‘Oh, in the great cabin,’ replied the captain. ‘A sullen piece of goods, I warrant you. He refuses to speak a word.’

‘Have him out,’ answered I; ‘and we will try to make him find his tongue.’

And so, presently, Master Pilot was hustled forth upon the deck.

‘Will you tell us,’ quoth I, ‘why you choose to live alone amongst these grim rocks?’

The little man grinned, twisted his features, and answered never a word. The crew looked on curiously.

‘Once upon a time, there sailed a Spanish treasure-ship from Porto Bello.’

The dwarf pricked up his ears, and all the blood went away from his face.

‘In which ship,’ I continued, ‘there was a mariner named Vincente y Tormes. But the ship had not been six days at sea, going to Hispaniola to receive the tribute of the Caciques, when it was lost upon certain reefs, with the treasure on board, and Vincente y Tormes of all the crew was saved, and carried to Spain, where afterwards he became a water-carrier and servant to a priest, named——’

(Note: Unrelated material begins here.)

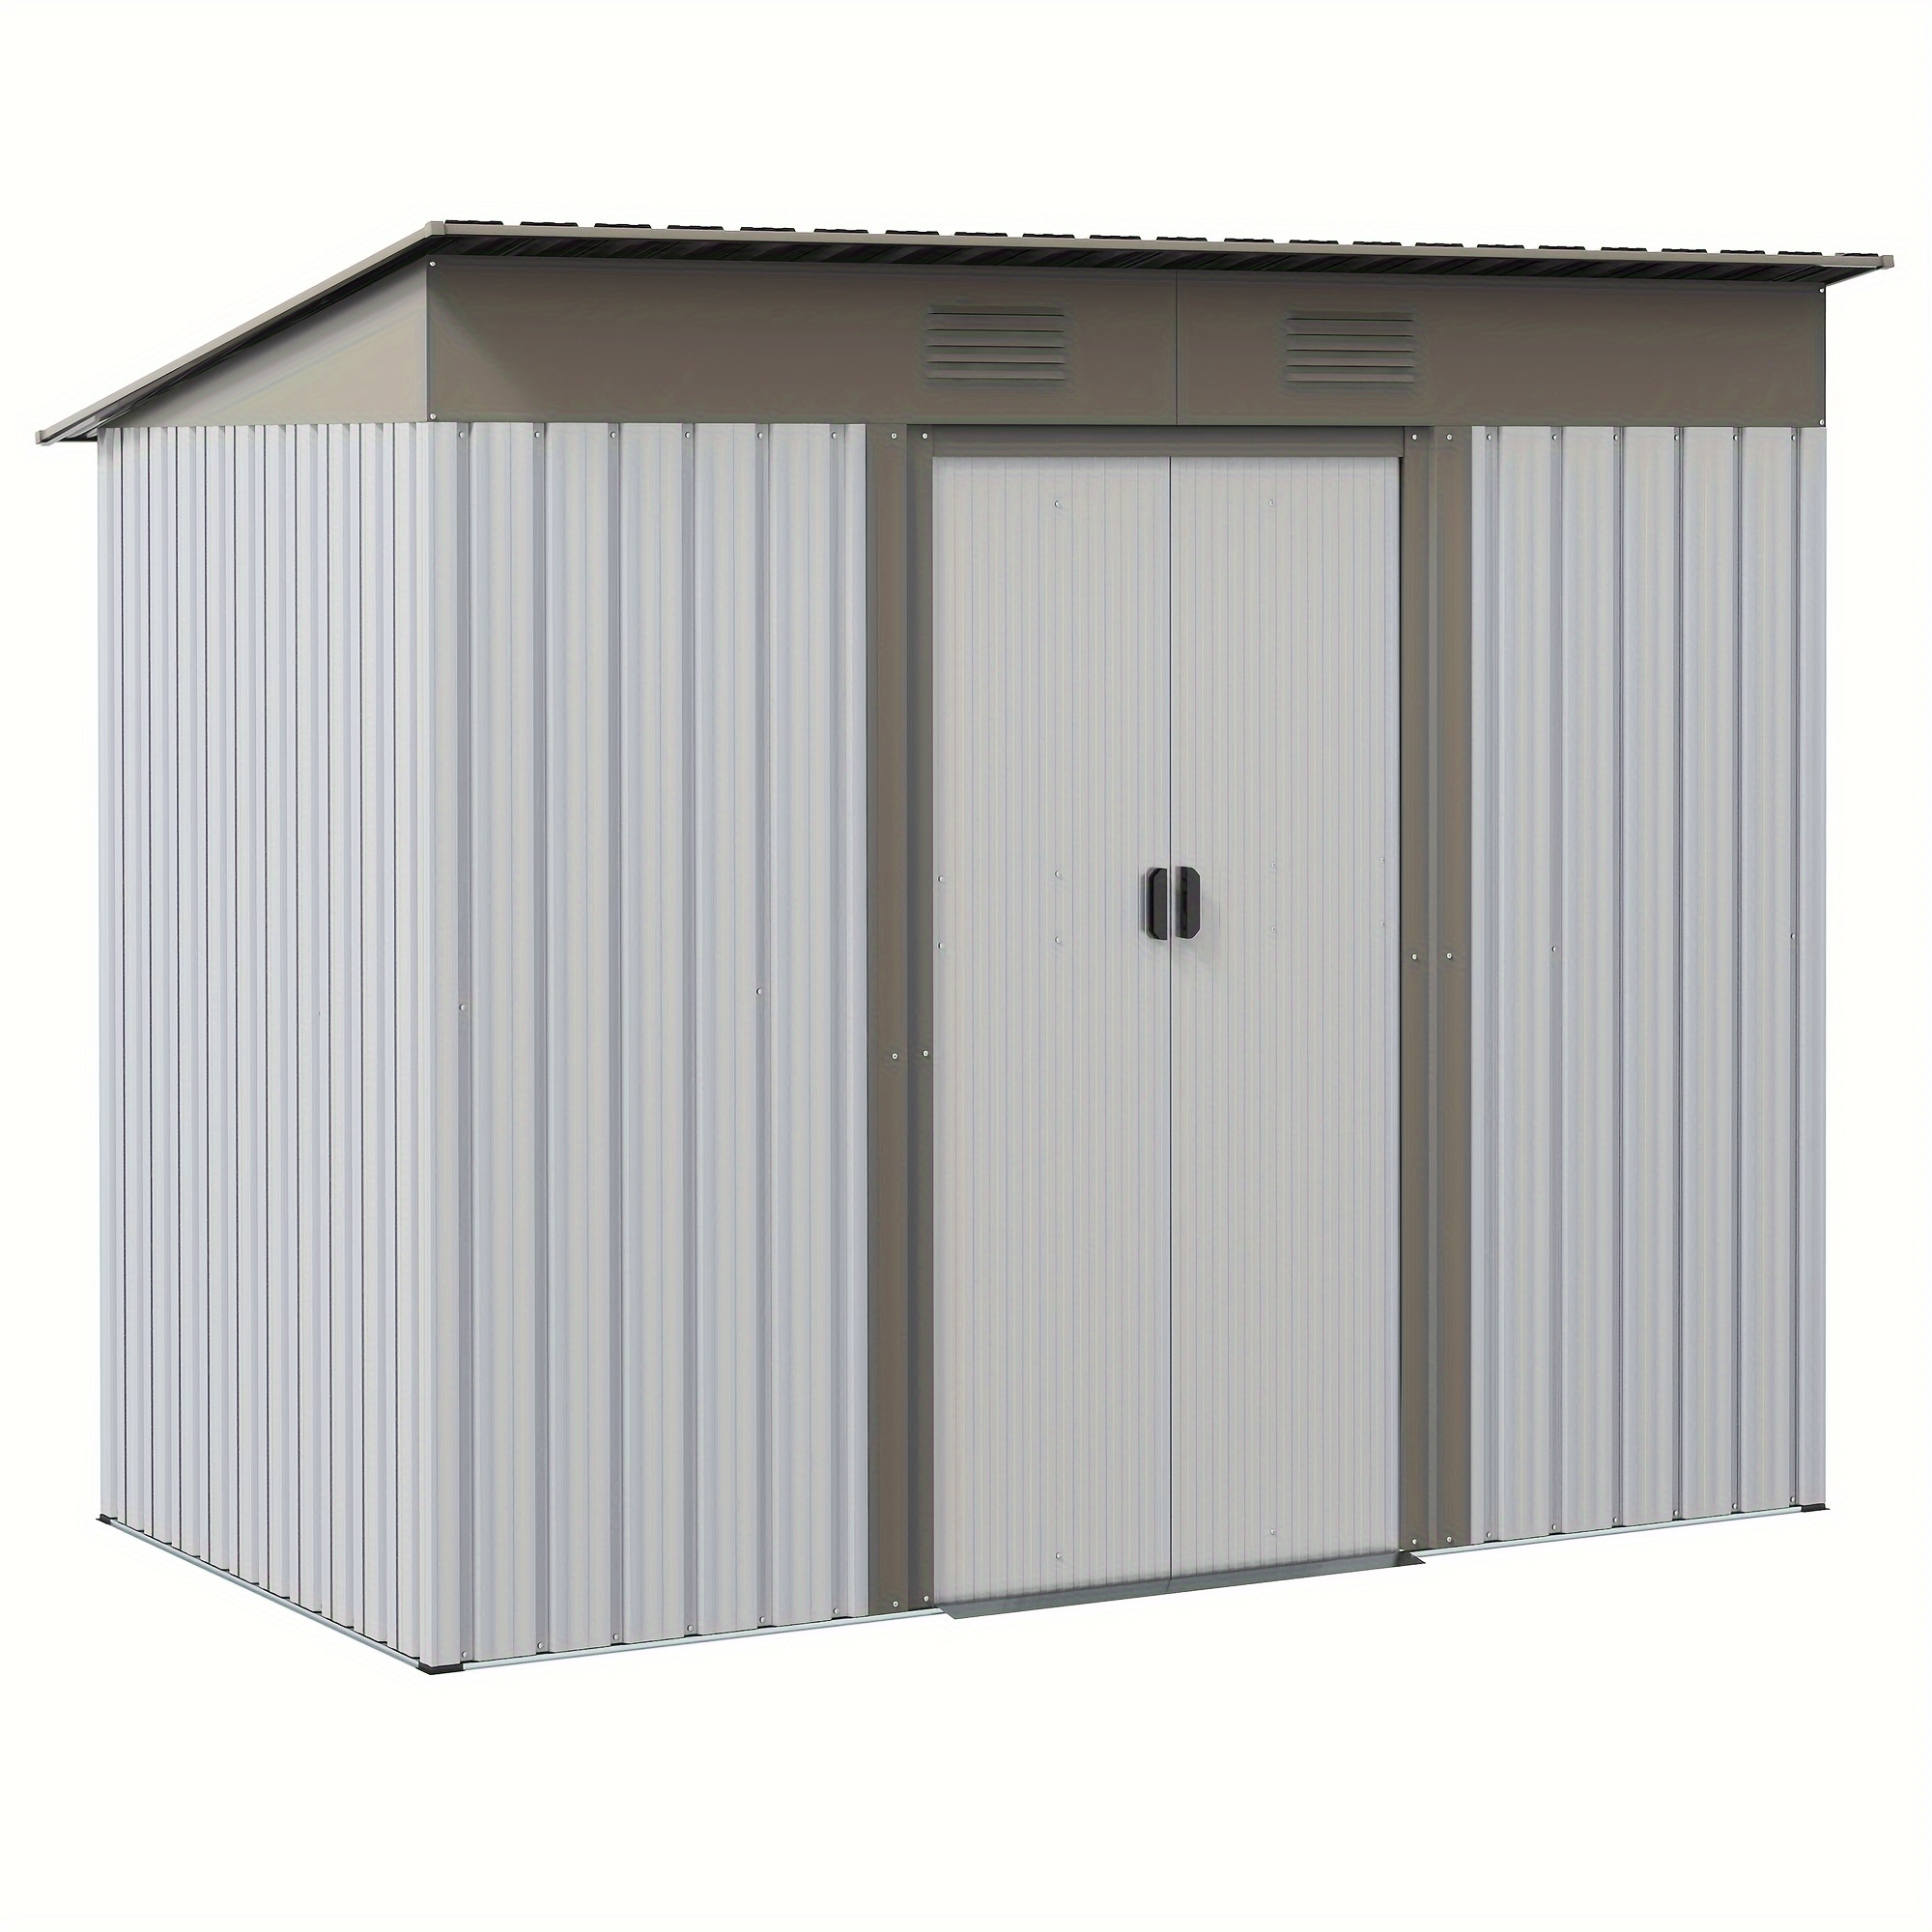 

Outsunny 7' X 4' Metal Lean To Garden Shed, Outdoor Storage Shed, Garden With Double Sliding Doors, 2 Air Vents For Backyard, Patio, Lawn, Silver

‘You need not trouble yourself to recite further,’ said the dwarf, with a shrug of the shoulders. ‘You guess my secret. I thought none of you had wit enough to pick the marrow out of that bone, but it was all my own fault. I came on board this schooner, and in doing so threw away, by one moment of folly, the fruits of years of labour and danger. Dolt that I was!—what could it matter to me whether you succeeded in blundering out, as you blundered in, or stayed here until the first heavy blow smashed your ship to powder on these coral reefs? It would have been all the same to me.’

Having made this speech with great bitterness, but in a perfectly composed fashion, the dwarf sat down upon a coil of rope, and shrugged his shoulders almost as high as the crown of his head.